## Dataset excerpt:
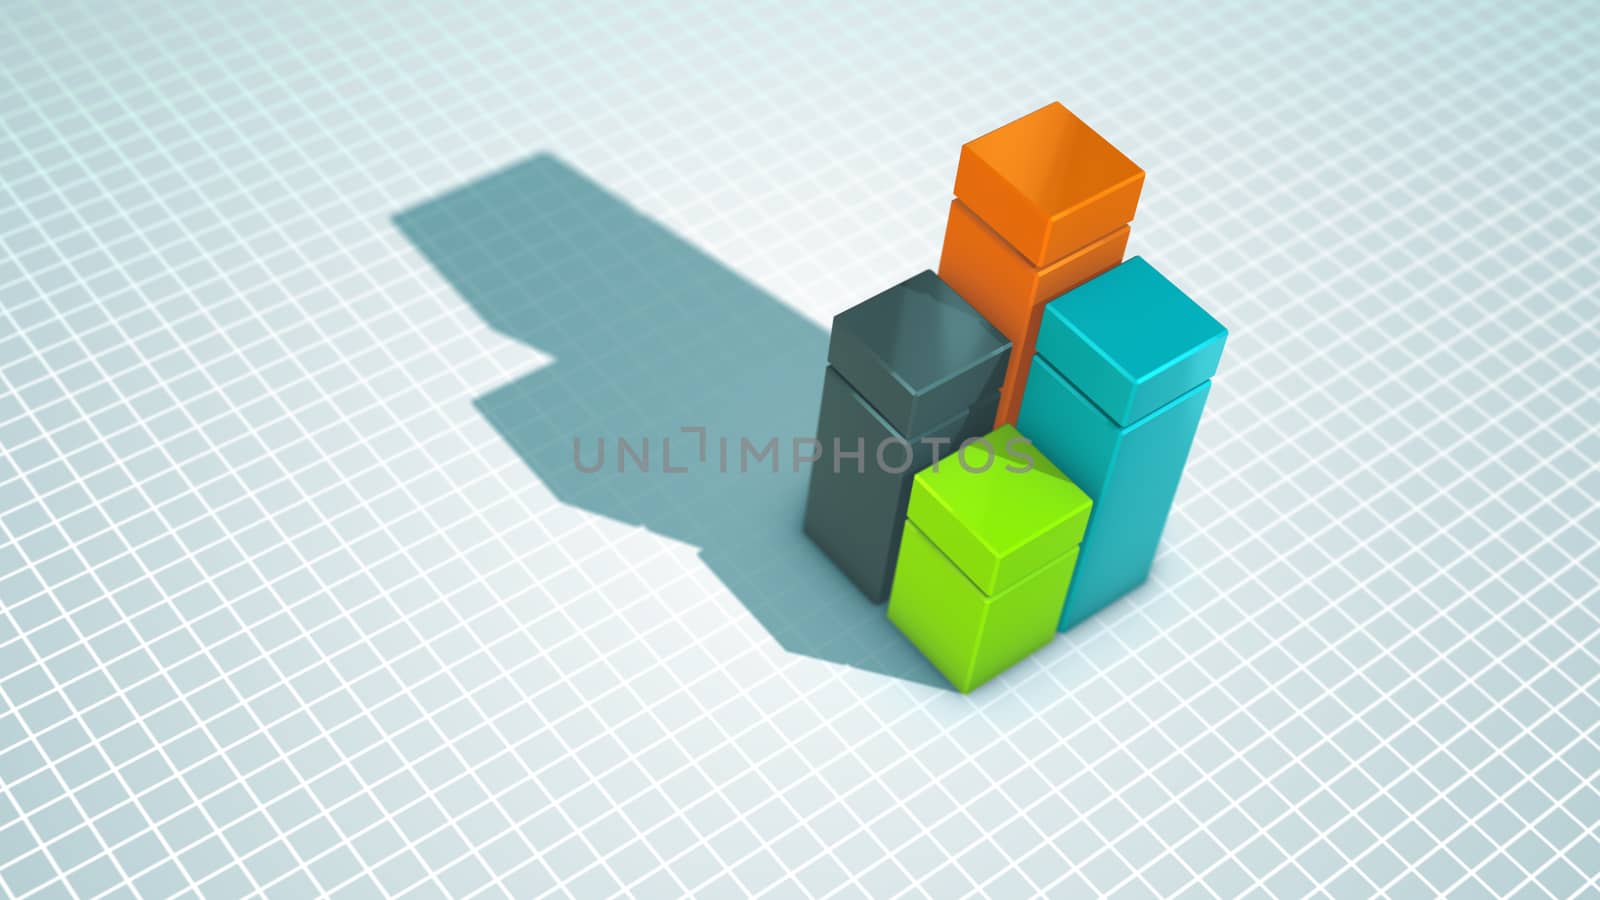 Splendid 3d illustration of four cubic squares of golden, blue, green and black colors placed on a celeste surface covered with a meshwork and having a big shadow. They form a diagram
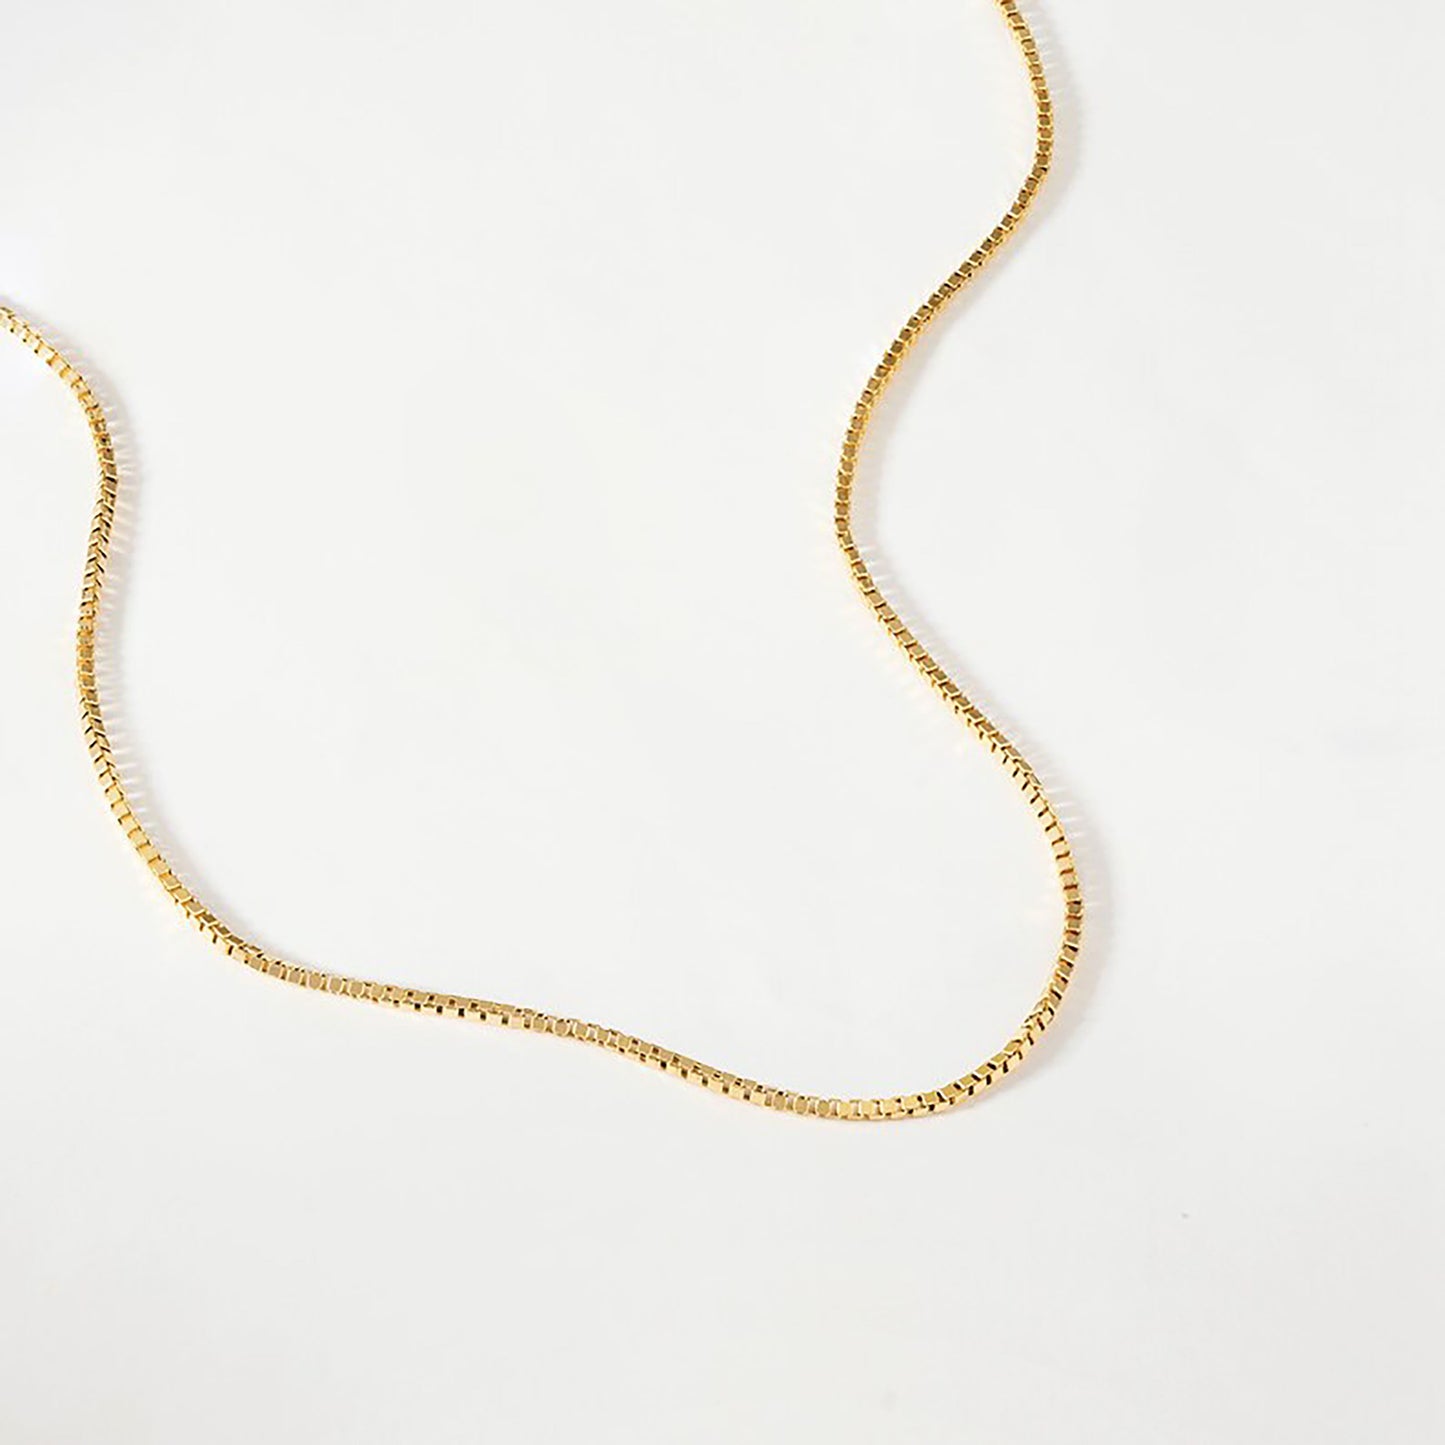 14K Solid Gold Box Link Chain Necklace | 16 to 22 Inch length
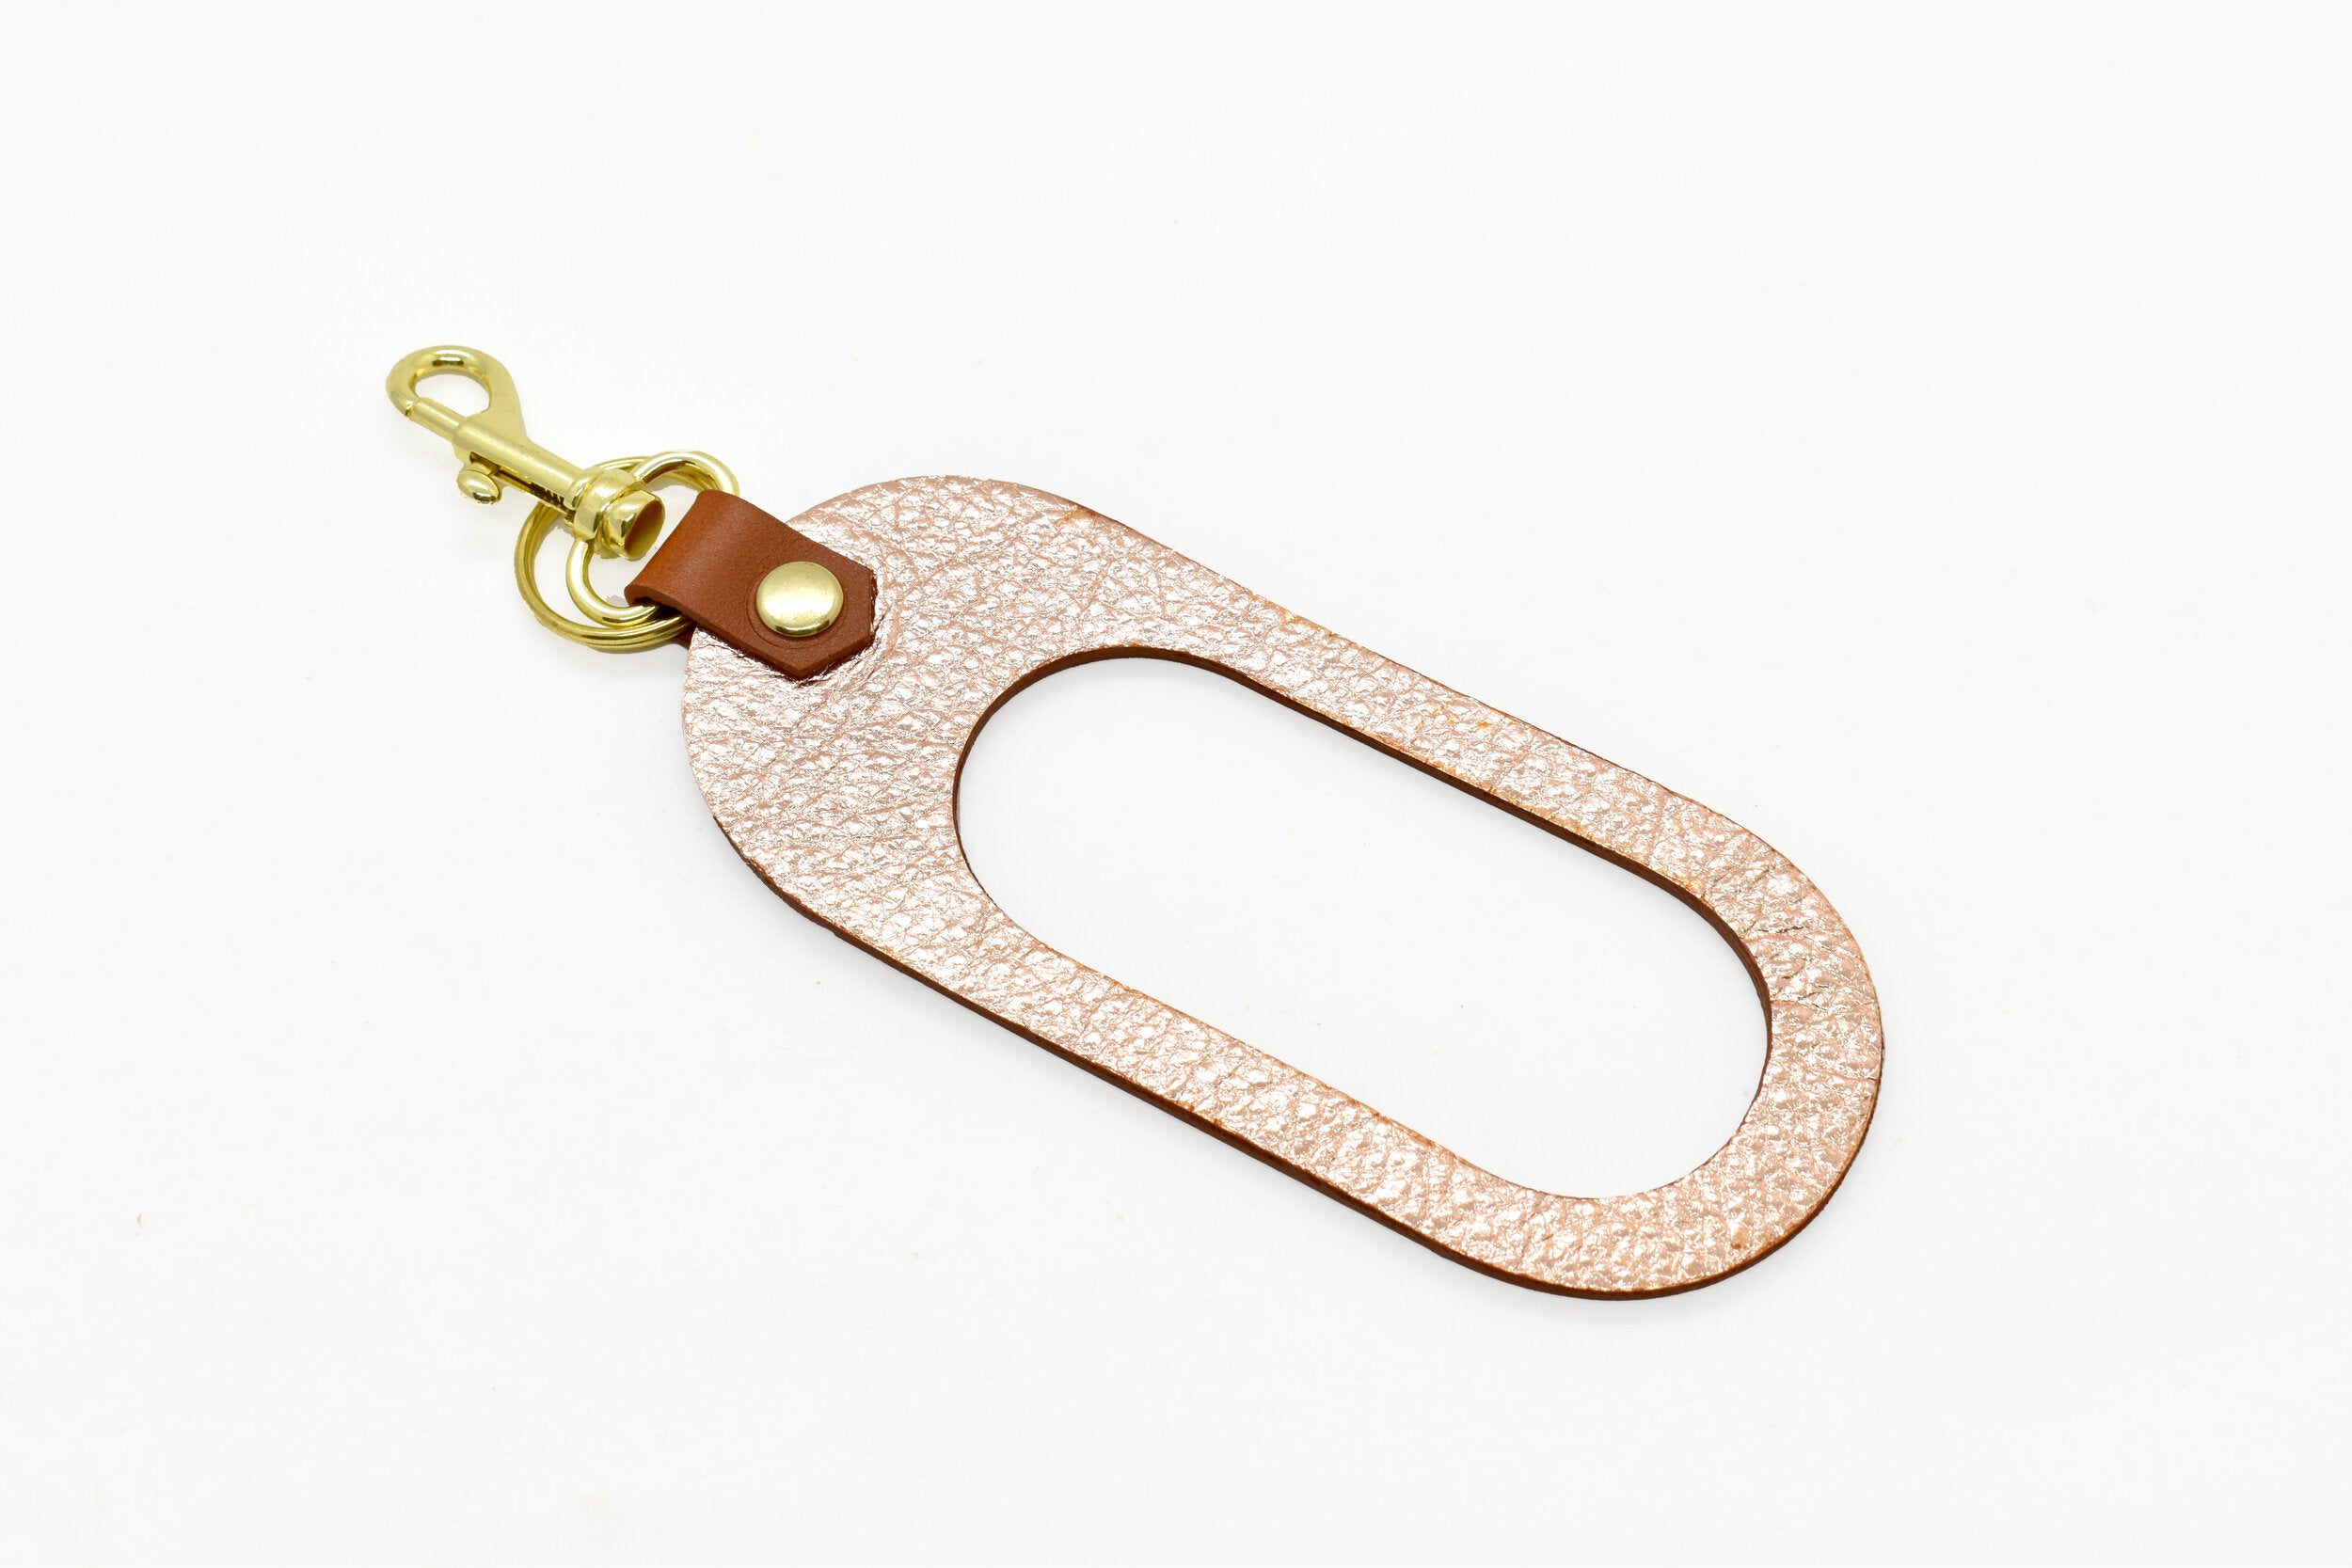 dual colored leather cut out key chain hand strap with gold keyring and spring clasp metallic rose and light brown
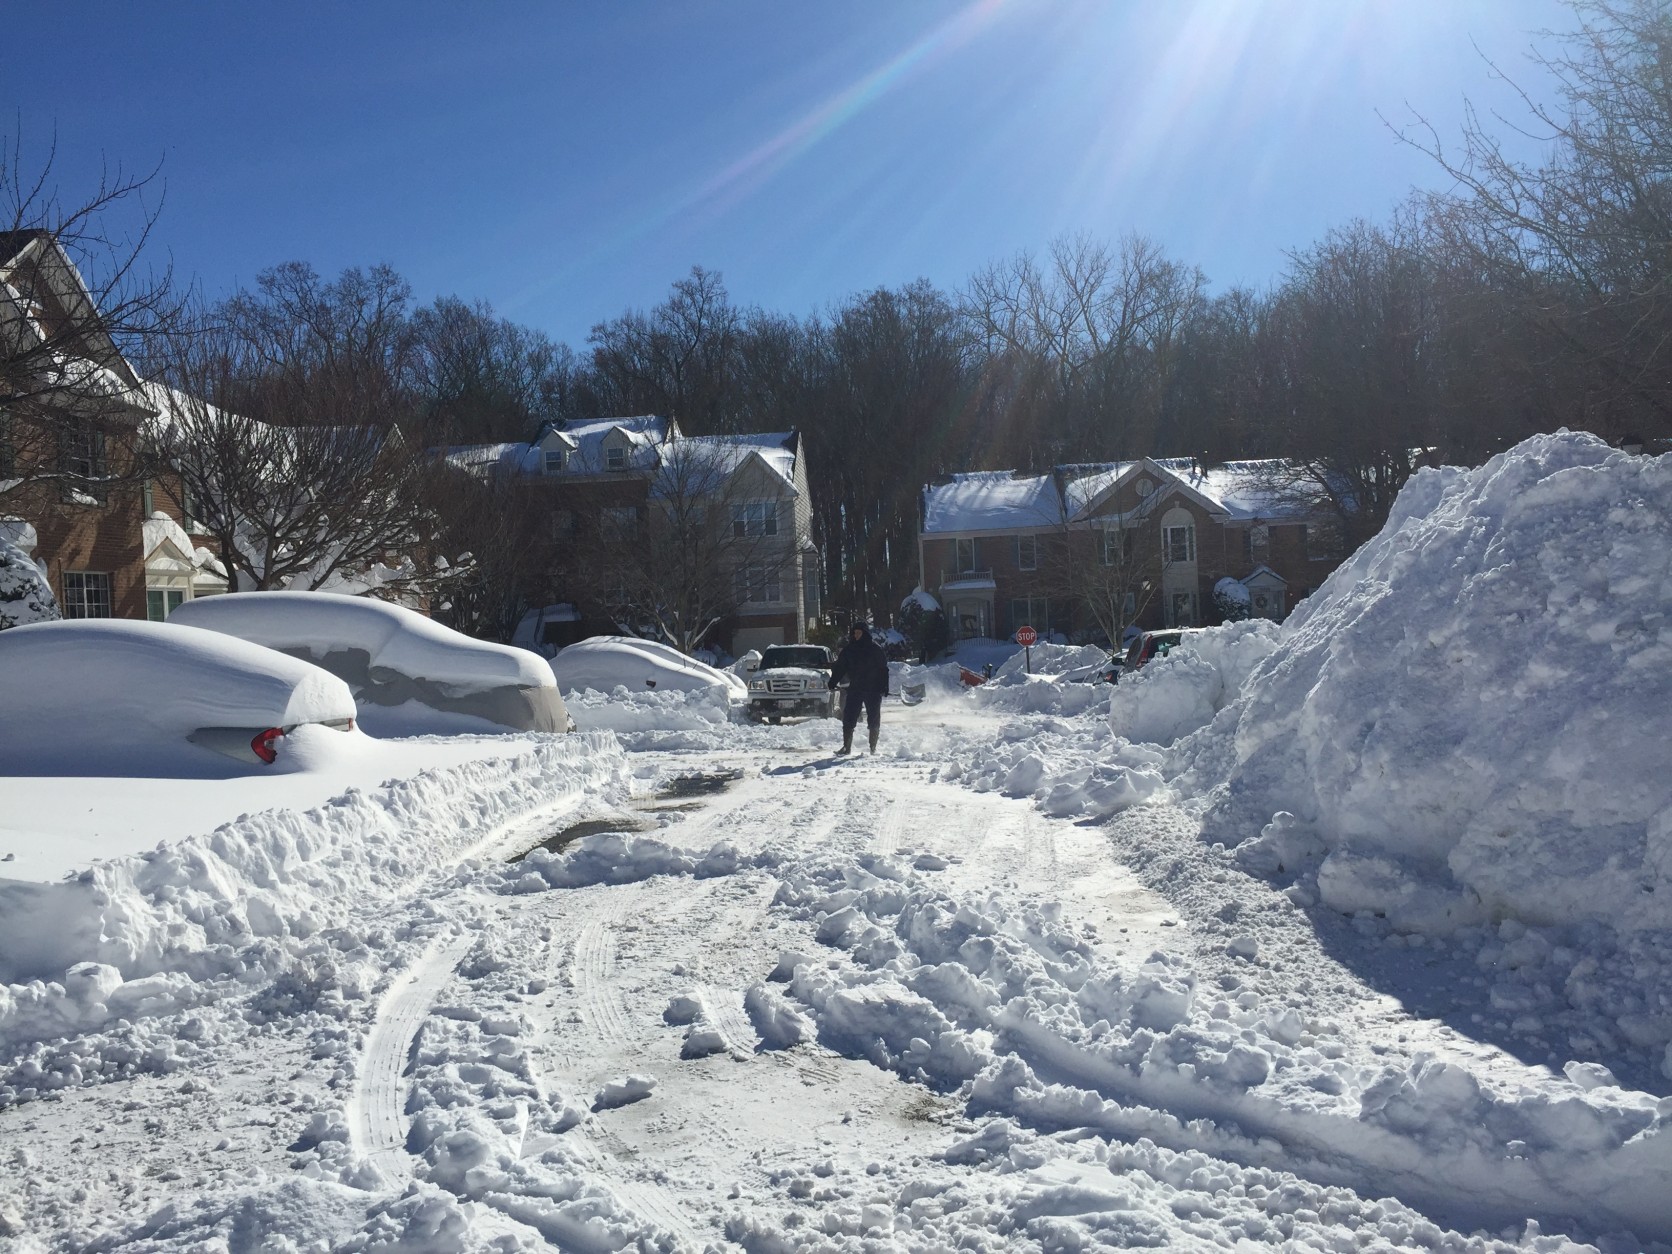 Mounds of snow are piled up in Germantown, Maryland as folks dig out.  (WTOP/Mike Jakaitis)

## Work item:
Give every line of the listing above again, exactly, with no images.

## Exercise result:
 Splendid 3d illustration of four cubic squares of golden, blue, green and black colors placed on a celeste surface covered with a meshwork and having a big shadow. They form a diagram
 14K Solid Gold Box Link Chain Necklace | 16 to 22 Inch length
 dual colored leather cut out key chain hand strap with gold keyring and spring clasp metallic rose and light brown
 Mounds of snow are piled up in Germantown, Maryland as folks dig out.  (WTOP/Mike Jakaitis)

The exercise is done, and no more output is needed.